I used to eat just two kinds of vegetables when cooking for myself: green beans and broccoli. If you count potatoes as a veg, I guess that would be three. I wasn’t anti-vegetable; I was just kind of unimaginative and eating out most of the time anyway. Then, when Alec and I first got married, we cooked mostly meat-and-potatoes type meals and got weirdly addicted to Jewel store brand crescent rolls.

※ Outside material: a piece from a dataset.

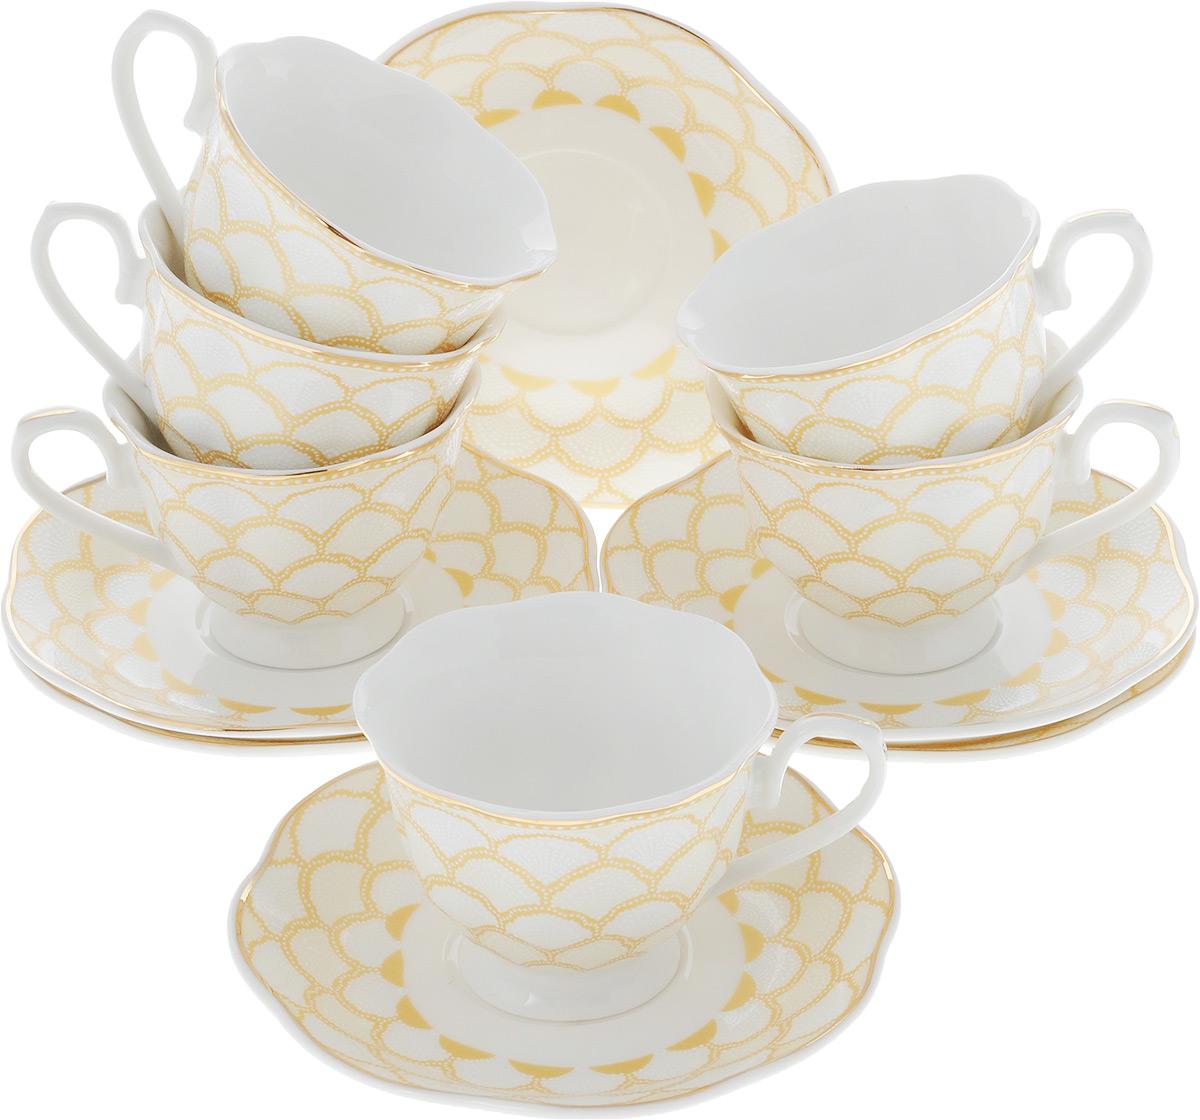 Сервиз кофейный Loraine, 12 предметов, цвет: белый, золотистый. 26444-126444-1Кофейный сервиз Loraine на 6 персон выполнен из высококачественного костяного фарфора - материала, безопасного для здоровья и надолго сохраняющего тепло напитка. В наборе 6 чашек и 6 блюдец. Несмотря на свою внешнюю хрупкость, каждый из предметов набора обладает высокой прочностью и надежностью. Изделия украшены тонкой золотой каймой, внешние стенки дополнены рельефным орнаментом. Элегантный классический дизайн сделает этот набор изысканным украшением любого стола. Набор упакован в подарочную коробку, поэтому его можно преподнести в качестве оригинального и практичного подарка для родных и близких. Подходит для мытья в посудомоечной машине.Объем чашки: 80 мл. Диаметр чашки (по верхнему краю): 7 см. Высота чашки: 5,5 см. Диаметр блюдца: 11,5 см.

Our eating habits changed for the better when we signed up to get a biweekly box of mystery produce from Irv & Shelly’s Fresh Picks. (This is every two weeks. Did you know that biweekly means both every two weeks and twice a week? So stupid.) We started making vegetables the main focus instead of the protein, and I discovered the joys of Romanesco broccoli and ramps and rainbow chard. I learned how to handle nettles (i.e. not with bare hands) and that I really didn’t like nettles anyway. And as a bonus, we’re supporting a local small business that in turn works with local farmers.

Today Fresh Picks hosted an open house for their customers. We drove out to Niles and found their offices in a drab industrial park. I was pretty excited.

There was a raffle, information about their farmers on display, food samples and beer from Half Acre. (We used to live down the street from Half Acre in Lincoln Square/North Center and never stepped foot in there. Silly.)

The best stuff was from MANA Food Bar in Wicker Park, which made their own ricotta and served squares of it with pesto and pickled radishes. We kept going back for more helpings, pushing old ladies and children out of the way.

The Bleeding Heart Bakery was also there with cake balls and breakfast pastries.

And then there was a tour of the warehouse! I love this stuff. When I was living in New York, a friend who worked at Fresh Direct took me on a tour of the company’s warehouse in Queens and it was awesome. Conveyor belts of groceries, a cavernous room of only bananas…anyway, Fresh Picks’ set-up is like a super miniature version of that. Here’s Irv getting everyone ready to see where the magic happens.

Some more shots of the warehouse:

All in all, a very educational and tasty trip to the ‘burbs!